■ EXERCISE DETAILS ■
Records follow. Copy every line with "France".
*** AVAILABLE RECORDS Section Begins ***
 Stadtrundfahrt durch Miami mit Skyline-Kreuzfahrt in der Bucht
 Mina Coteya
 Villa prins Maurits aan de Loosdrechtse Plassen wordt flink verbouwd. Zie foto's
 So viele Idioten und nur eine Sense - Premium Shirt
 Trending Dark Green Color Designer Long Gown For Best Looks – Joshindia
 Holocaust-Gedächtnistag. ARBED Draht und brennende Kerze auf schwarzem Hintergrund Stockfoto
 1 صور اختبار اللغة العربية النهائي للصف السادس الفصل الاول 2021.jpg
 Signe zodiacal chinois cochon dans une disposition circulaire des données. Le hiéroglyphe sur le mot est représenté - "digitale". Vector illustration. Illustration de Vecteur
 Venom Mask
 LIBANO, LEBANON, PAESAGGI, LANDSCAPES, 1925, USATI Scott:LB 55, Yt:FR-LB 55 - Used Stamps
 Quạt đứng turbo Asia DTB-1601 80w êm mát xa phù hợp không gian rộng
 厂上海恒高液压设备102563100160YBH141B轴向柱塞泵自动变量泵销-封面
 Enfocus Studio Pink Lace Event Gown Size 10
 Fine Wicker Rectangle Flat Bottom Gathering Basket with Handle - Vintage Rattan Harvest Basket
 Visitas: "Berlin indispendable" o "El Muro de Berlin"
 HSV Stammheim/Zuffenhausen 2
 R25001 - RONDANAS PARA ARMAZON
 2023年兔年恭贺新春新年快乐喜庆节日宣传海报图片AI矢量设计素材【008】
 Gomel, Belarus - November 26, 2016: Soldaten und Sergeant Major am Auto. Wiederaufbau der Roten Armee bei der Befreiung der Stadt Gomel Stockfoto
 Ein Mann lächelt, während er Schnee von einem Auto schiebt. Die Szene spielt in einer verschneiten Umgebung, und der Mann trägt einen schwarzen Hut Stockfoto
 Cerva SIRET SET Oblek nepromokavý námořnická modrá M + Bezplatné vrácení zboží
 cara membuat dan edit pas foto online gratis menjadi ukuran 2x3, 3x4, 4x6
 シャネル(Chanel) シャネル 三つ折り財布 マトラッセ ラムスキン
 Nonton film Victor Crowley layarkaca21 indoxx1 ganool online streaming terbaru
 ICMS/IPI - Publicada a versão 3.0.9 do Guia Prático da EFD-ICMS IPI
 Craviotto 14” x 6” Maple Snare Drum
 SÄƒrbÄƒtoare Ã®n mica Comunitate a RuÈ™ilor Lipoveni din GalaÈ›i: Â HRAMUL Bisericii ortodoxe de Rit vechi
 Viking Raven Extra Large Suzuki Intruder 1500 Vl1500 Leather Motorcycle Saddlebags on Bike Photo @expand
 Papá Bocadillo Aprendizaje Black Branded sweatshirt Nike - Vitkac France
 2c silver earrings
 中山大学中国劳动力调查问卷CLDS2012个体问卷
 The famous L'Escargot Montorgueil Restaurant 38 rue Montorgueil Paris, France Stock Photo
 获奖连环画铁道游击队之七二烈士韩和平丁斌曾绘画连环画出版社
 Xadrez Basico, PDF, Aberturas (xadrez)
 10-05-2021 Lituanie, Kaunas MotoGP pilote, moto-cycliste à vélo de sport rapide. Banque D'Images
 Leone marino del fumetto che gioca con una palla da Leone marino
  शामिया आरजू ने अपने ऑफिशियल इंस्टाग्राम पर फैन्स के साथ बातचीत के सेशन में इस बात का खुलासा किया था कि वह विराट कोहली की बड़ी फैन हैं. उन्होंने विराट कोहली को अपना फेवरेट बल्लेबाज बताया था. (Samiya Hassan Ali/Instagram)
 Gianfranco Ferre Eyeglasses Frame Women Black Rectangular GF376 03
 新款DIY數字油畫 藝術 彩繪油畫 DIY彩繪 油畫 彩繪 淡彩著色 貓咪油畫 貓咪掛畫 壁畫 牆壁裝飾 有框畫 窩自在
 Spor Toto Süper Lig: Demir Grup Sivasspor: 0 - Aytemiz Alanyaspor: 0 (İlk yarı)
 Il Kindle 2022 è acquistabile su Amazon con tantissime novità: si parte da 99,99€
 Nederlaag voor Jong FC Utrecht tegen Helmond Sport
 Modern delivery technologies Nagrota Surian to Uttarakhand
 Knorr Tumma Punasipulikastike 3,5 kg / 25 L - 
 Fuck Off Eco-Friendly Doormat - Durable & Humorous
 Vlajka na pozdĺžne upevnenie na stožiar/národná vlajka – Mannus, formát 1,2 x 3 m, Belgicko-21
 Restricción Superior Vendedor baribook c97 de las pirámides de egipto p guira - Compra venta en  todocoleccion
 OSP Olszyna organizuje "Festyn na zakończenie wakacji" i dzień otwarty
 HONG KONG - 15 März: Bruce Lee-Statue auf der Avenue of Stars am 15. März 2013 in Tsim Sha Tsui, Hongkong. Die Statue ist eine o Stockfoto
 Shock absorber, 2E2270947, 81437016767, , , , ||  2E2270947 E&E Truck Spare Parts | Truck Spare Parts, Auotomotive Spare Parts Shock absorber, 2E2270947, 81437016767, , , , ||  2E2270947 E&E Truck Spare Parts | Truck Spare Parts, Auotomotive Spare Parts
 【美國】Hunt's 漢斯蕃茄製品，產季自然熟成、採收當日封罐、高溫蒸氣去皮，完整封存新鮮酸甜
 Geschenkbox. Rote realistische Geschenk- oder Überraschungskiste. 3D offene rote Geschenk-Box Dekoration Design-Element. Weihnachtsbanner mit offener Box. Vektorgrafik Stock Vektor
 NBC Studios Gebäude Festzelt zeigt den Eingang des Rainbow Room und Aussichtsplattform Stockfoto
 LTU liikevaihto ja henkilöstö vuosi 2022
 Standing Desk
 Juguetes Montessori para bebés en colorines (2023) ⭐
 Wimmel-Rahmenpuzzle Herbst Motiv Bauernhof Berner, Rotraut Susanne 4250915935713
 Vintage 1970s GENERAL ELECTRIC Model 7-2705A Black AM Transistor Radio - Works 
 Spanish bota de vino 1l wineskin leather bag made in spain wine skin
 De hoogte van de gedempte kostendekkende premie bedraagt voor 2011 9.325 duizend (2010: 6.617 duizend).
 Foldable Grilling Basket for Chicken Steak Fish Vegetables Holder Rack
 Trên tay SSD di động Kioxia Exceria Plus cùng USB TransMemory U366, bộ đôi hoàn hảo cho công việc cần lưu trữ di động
*** AVAILABLE RECORDS Section Ends ***
■ OUTPUT FOR THIS TASK ■
 Papá Bocadillo Aprendizaje Black Branded sweatshirt Nike - Vitkac France
 The famous L'Escargot Montorgueil Restaurant 38 rue Montorgueil Paris, France Stock Photo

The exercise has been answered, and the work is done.